Professional wrestling trios tag team championship

The UWA World Trios Championship is a tag team professional wrestling championship created by the Mexican Universal Wrestling Association and defended there until the UWA closed in 1995. Since then, the championship has been defended in various promotions in Japan.

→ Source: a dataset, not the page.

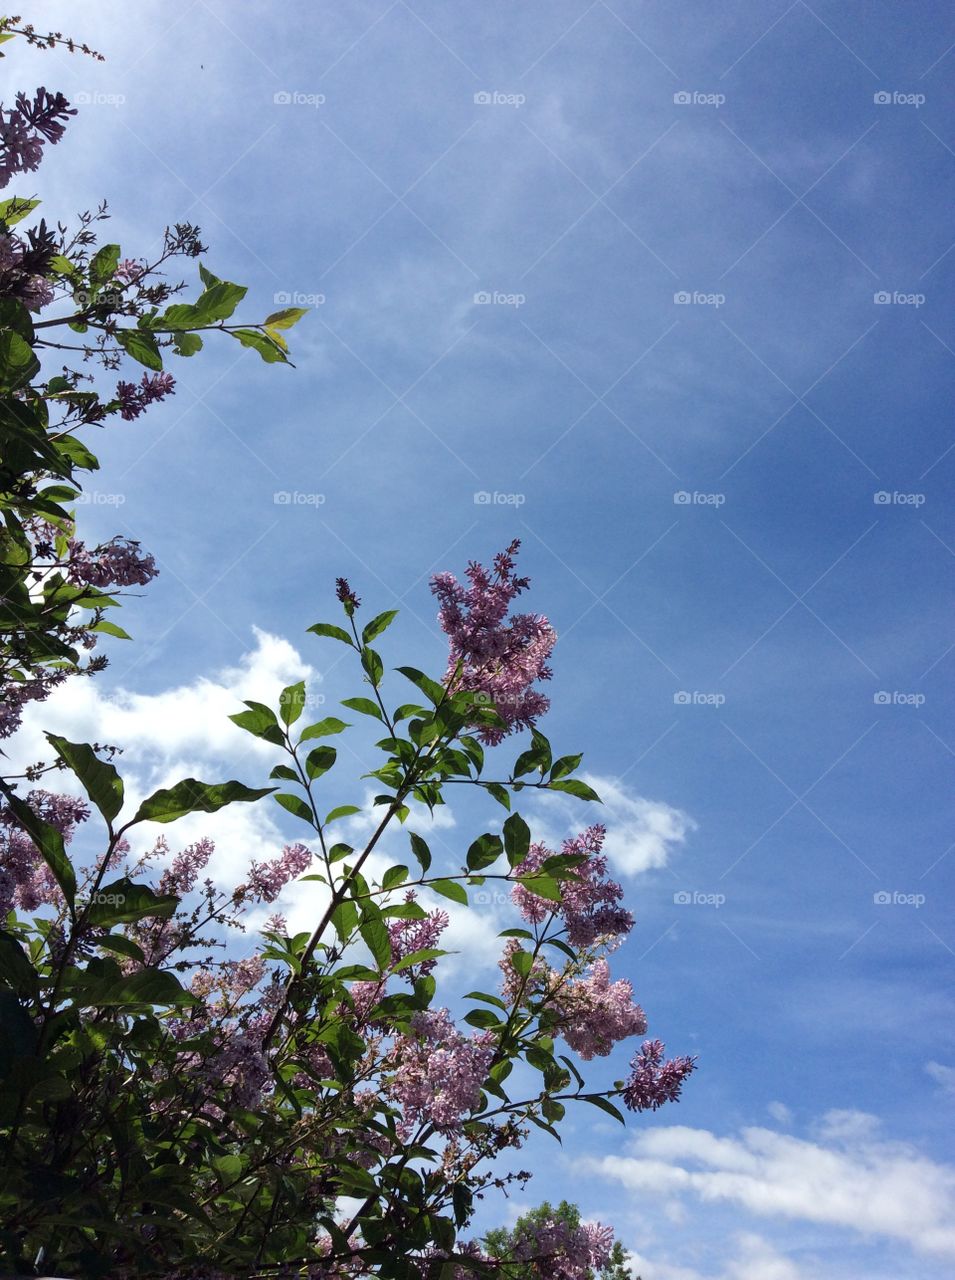 Lilac sky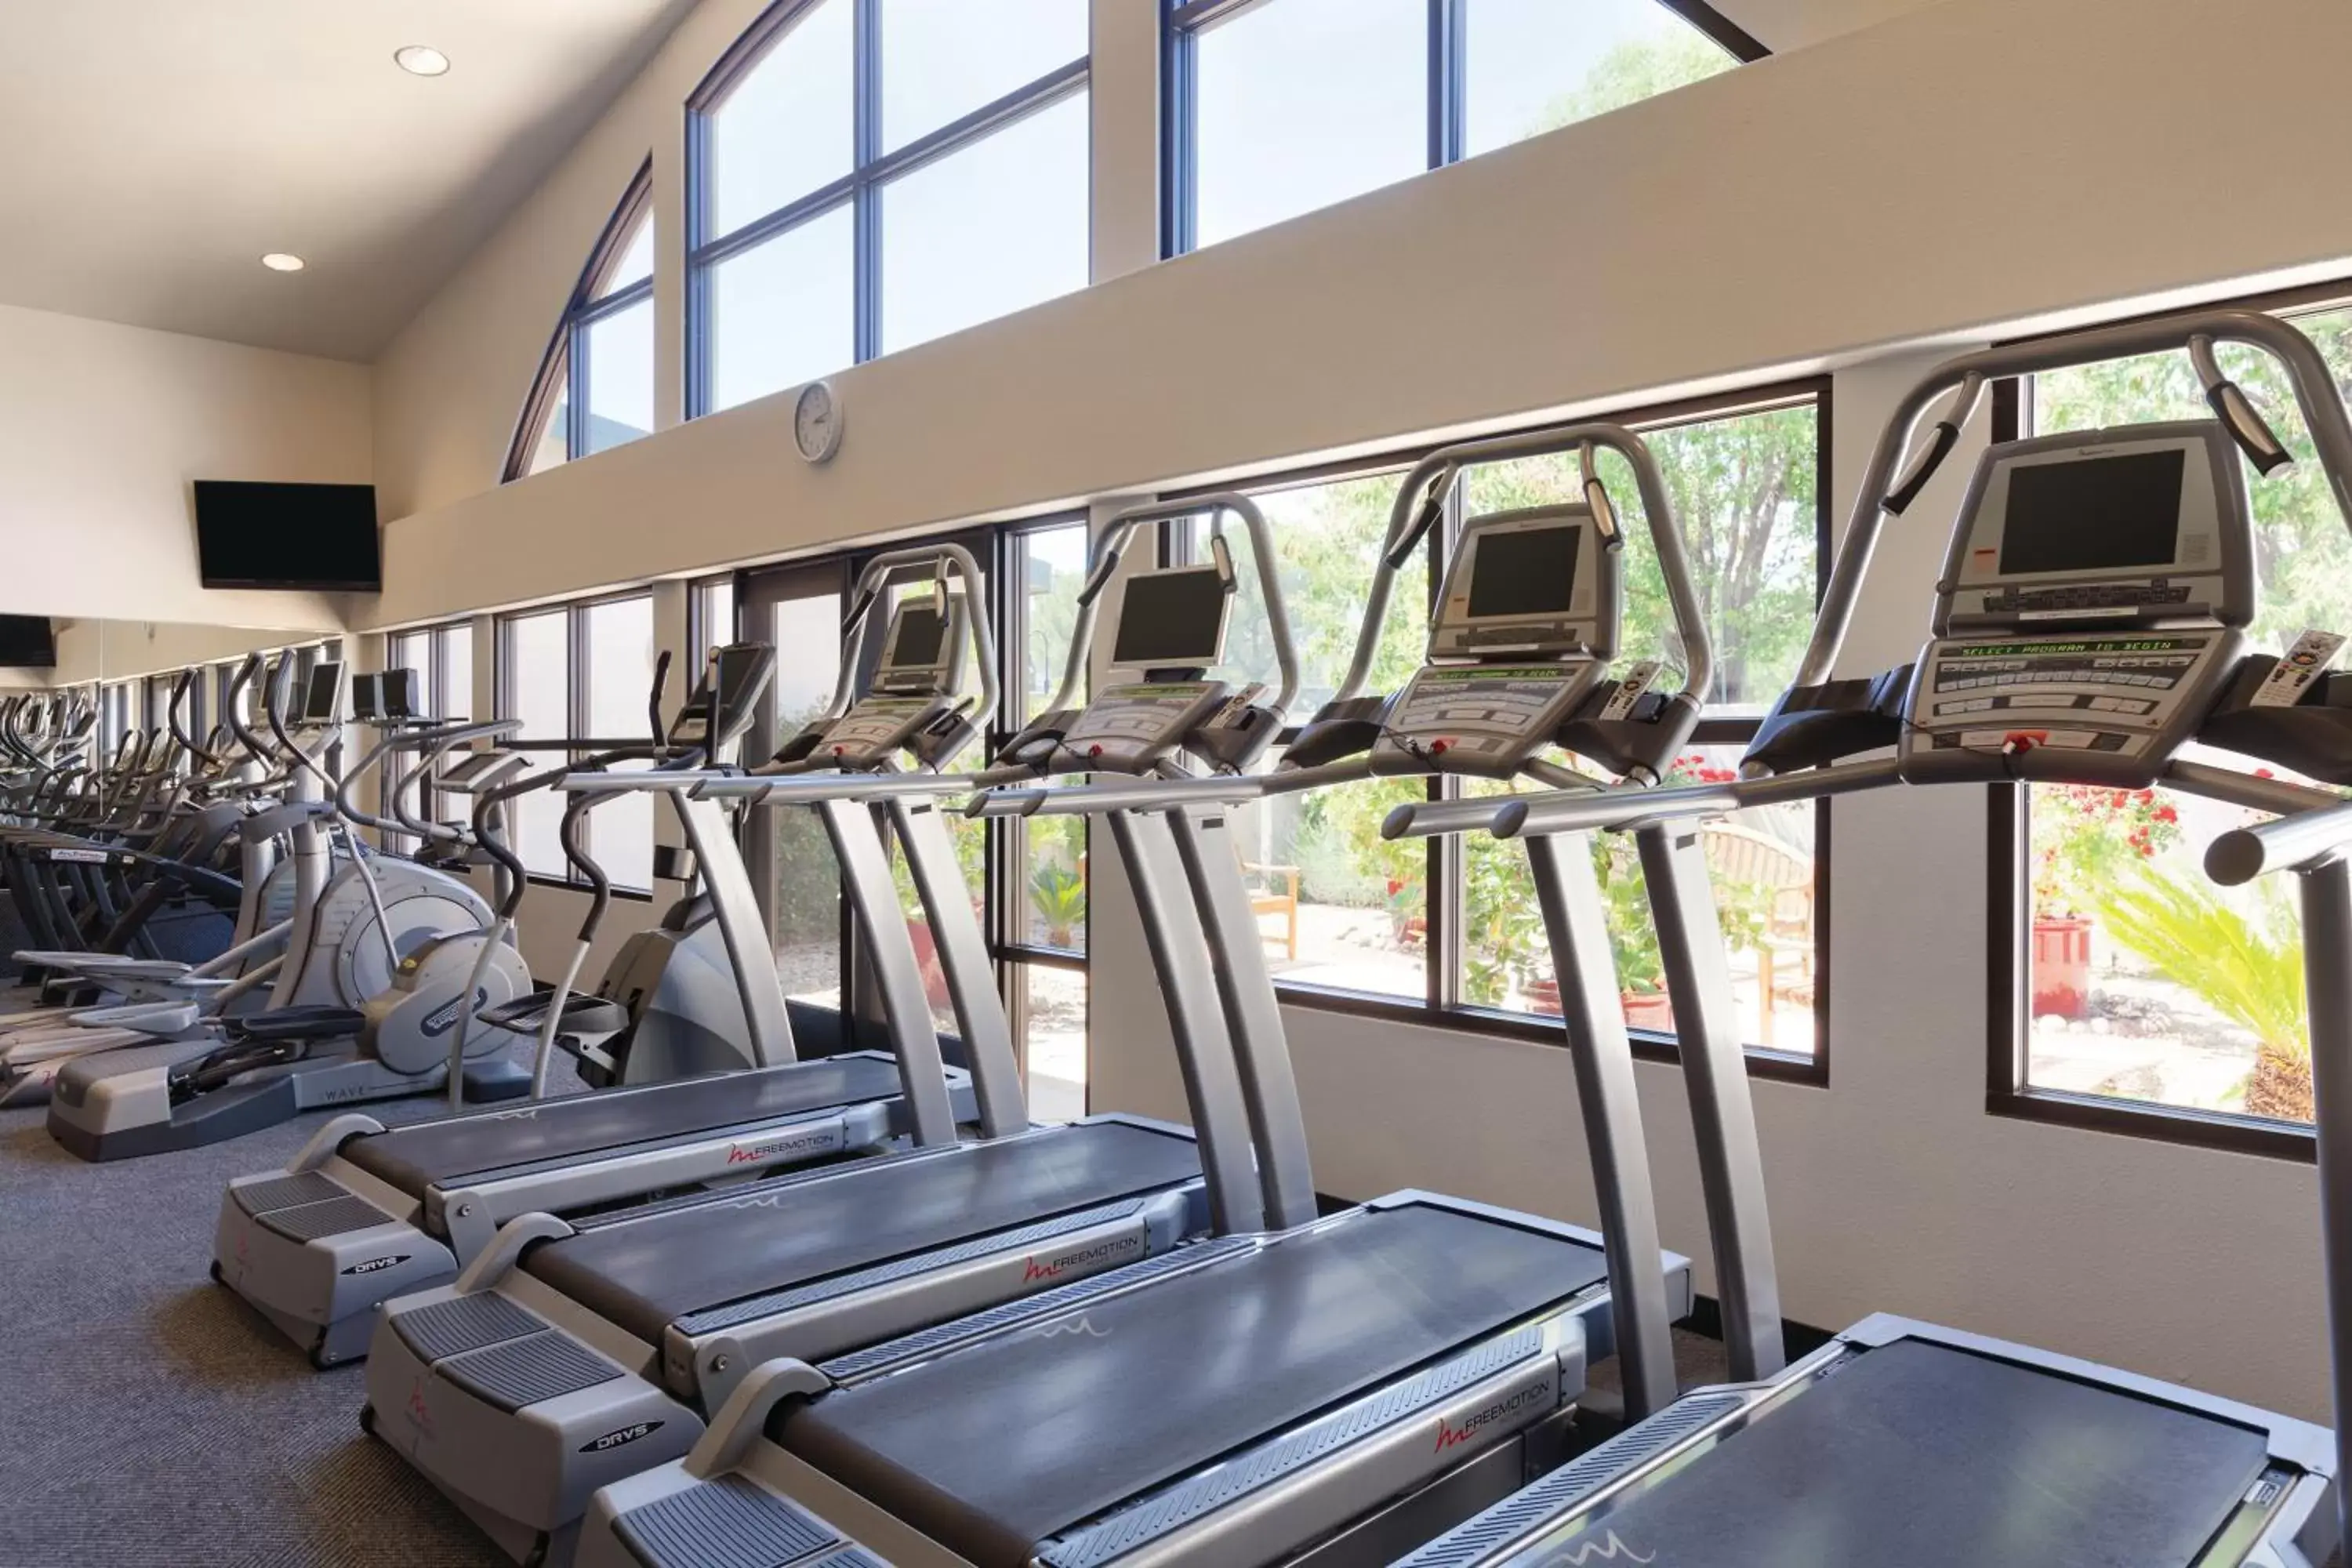 Fitness centre/facilities, Fitness Center/Facilities in Silverado Resort

As it is a professional wrestling championship, the championship is not won not by actual competition, but by a scripted ending to a match determined by the bookers and match makers. (Note: Hornbaker (2016) p. 550: "Professional wrestling is a sport in which match finishes are predetermined. Thus, win–loss records are not indicative of a wrestler's genuine success based on their legitimate abilities – but on now much, or how little they were pushed by promoters") On occasion the promotion declares a championship vacant, which means there is no champion at that point in time. This can either be due to a storyline, (Note: Duncan & Will (2000) p. 271, Chapter: Texas: NWA American Tag Team Title [World Class, Adkisson] "Championship held up and rematch ordered because of the interference of manager Gary Hart") or real life issues such as a champion suffering an injury being unable to defend the championship, (Note: Duncan & Will (2000) p. 20, Chapter: (United States: 19th Century & widely defended titles – NWA, WWF, AWA, IW, ECW, NWA) NWA/WCW TV Title "Rhodes stripped on 85/10/19 for not defending the belt after having his leg broken by Ric Flair and Ole & Arn Anderson") or leaving the company. (Note: Duncan & Will (2000) p. 201, Chapter: (Memphis, Nashville) Memphis: USWA Tag Team Title "Vacant on 93/01/18 when Spike leaves the USWA.")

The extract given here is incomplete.